The Prince by Sylvain Reynard (a review)

The Prince is Sylvain Reynard’s novella that bridges the gap between his beloved Gabriel trilogy and his upcoming Florentine series. In the story, we are reunited with Gabriel and Julianne and introduced to a whole new set of enthralling characters. Notably, a mysterious and sinister other worldly being who wants the illustrations of Dante’s Divine Comedy that Gabriel acquired years ago. Unbeknownst to the professor, the illustrations were stolen. Now their rightful owner wants them back and is out for blood.
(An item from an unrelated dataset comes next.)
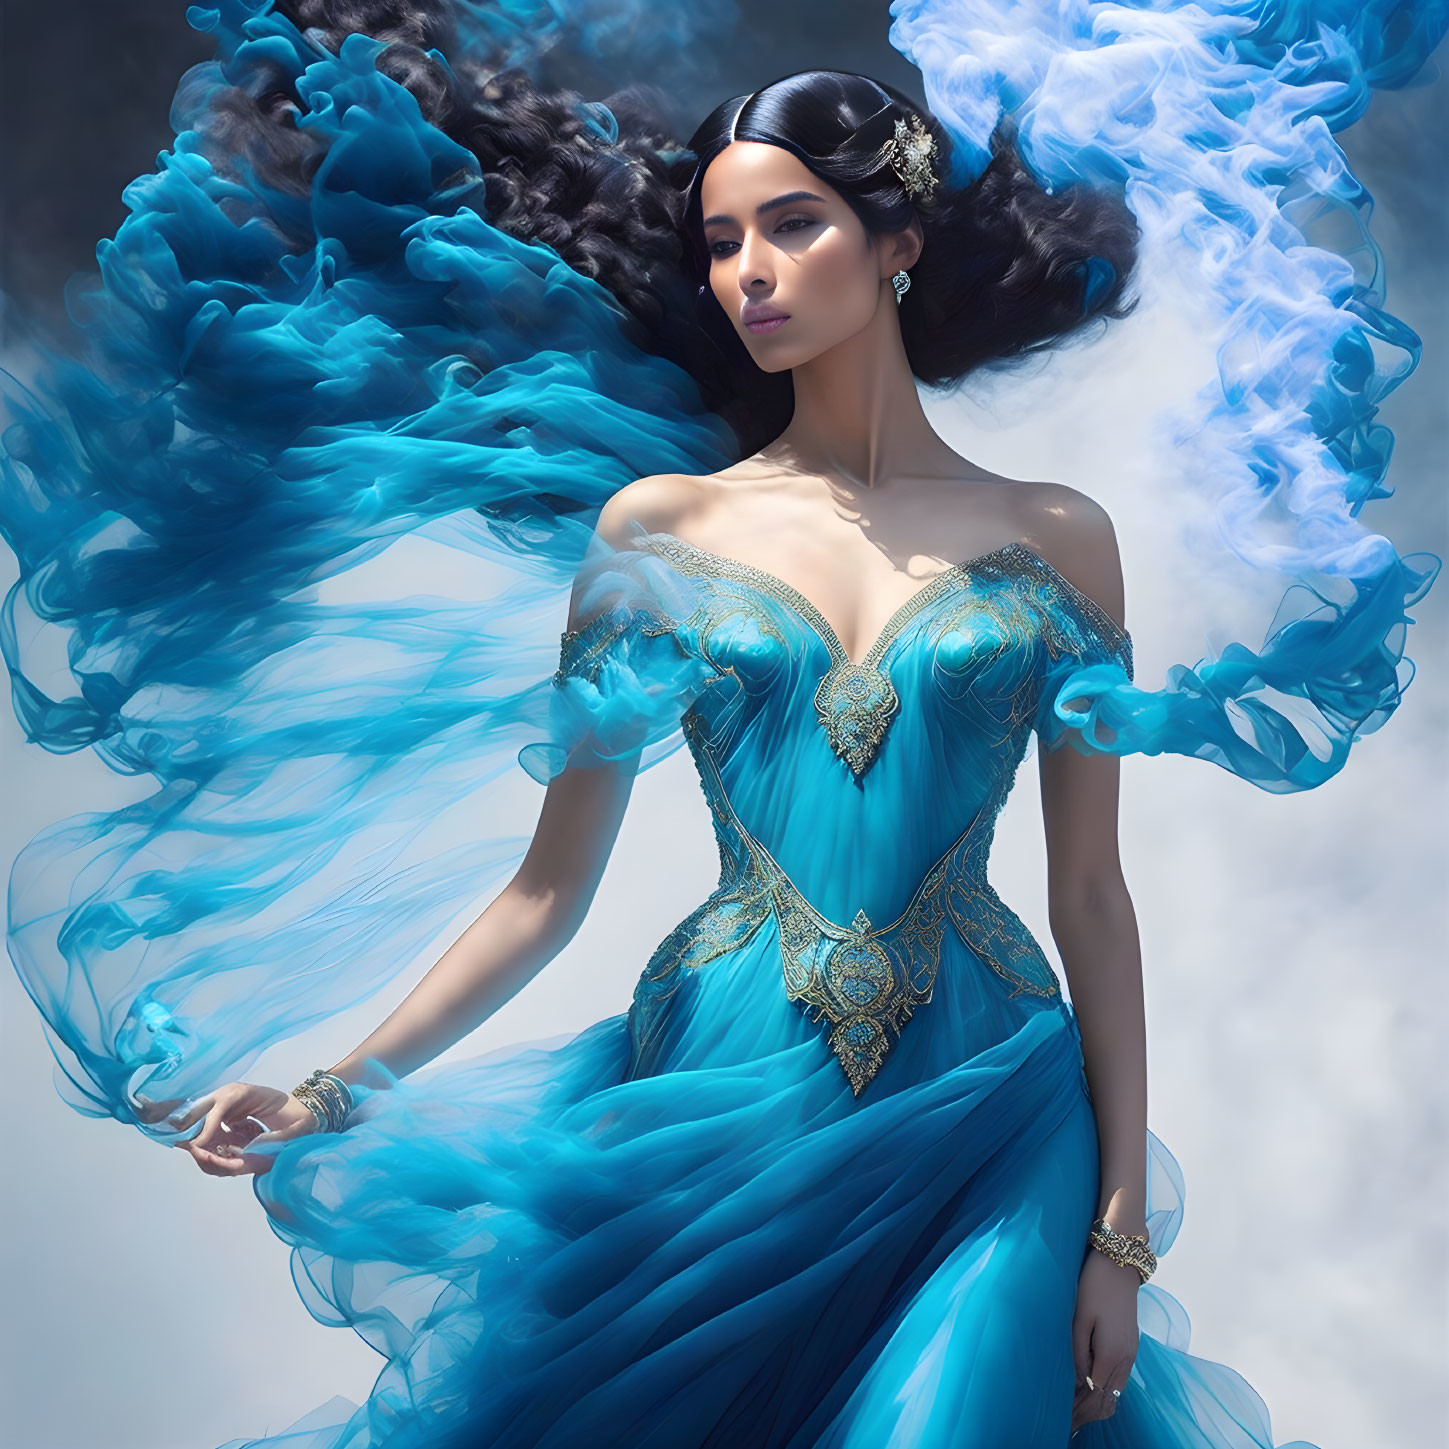 Dancing goddess in blue smoke.

Reynard’s Prince is certainty no Prince Charming, even if he has the looks for it. No, he’s more of a Machiavelli prince, a master manipulator, ruthless with little regard for moral justification or the heads he might have to crush. The chasm between good and evil has never been so strongly felt. “It is better to be feared than loved.” Our dark antagonist embodies these words. However, I sense that there is more to The Prince than meets the eye. Perhaps, he wasn’t always so mercurial?

Reynard’s writing style is edgy and sexy. This novella oozes darkness and intrigue. I’m not normally a fan of the paranormal romance genre, but leave it to the sly fox to reel me in. Curse and bless you, Sylvain Reynard. I can’t wait to see what you have in store for us in The Raven.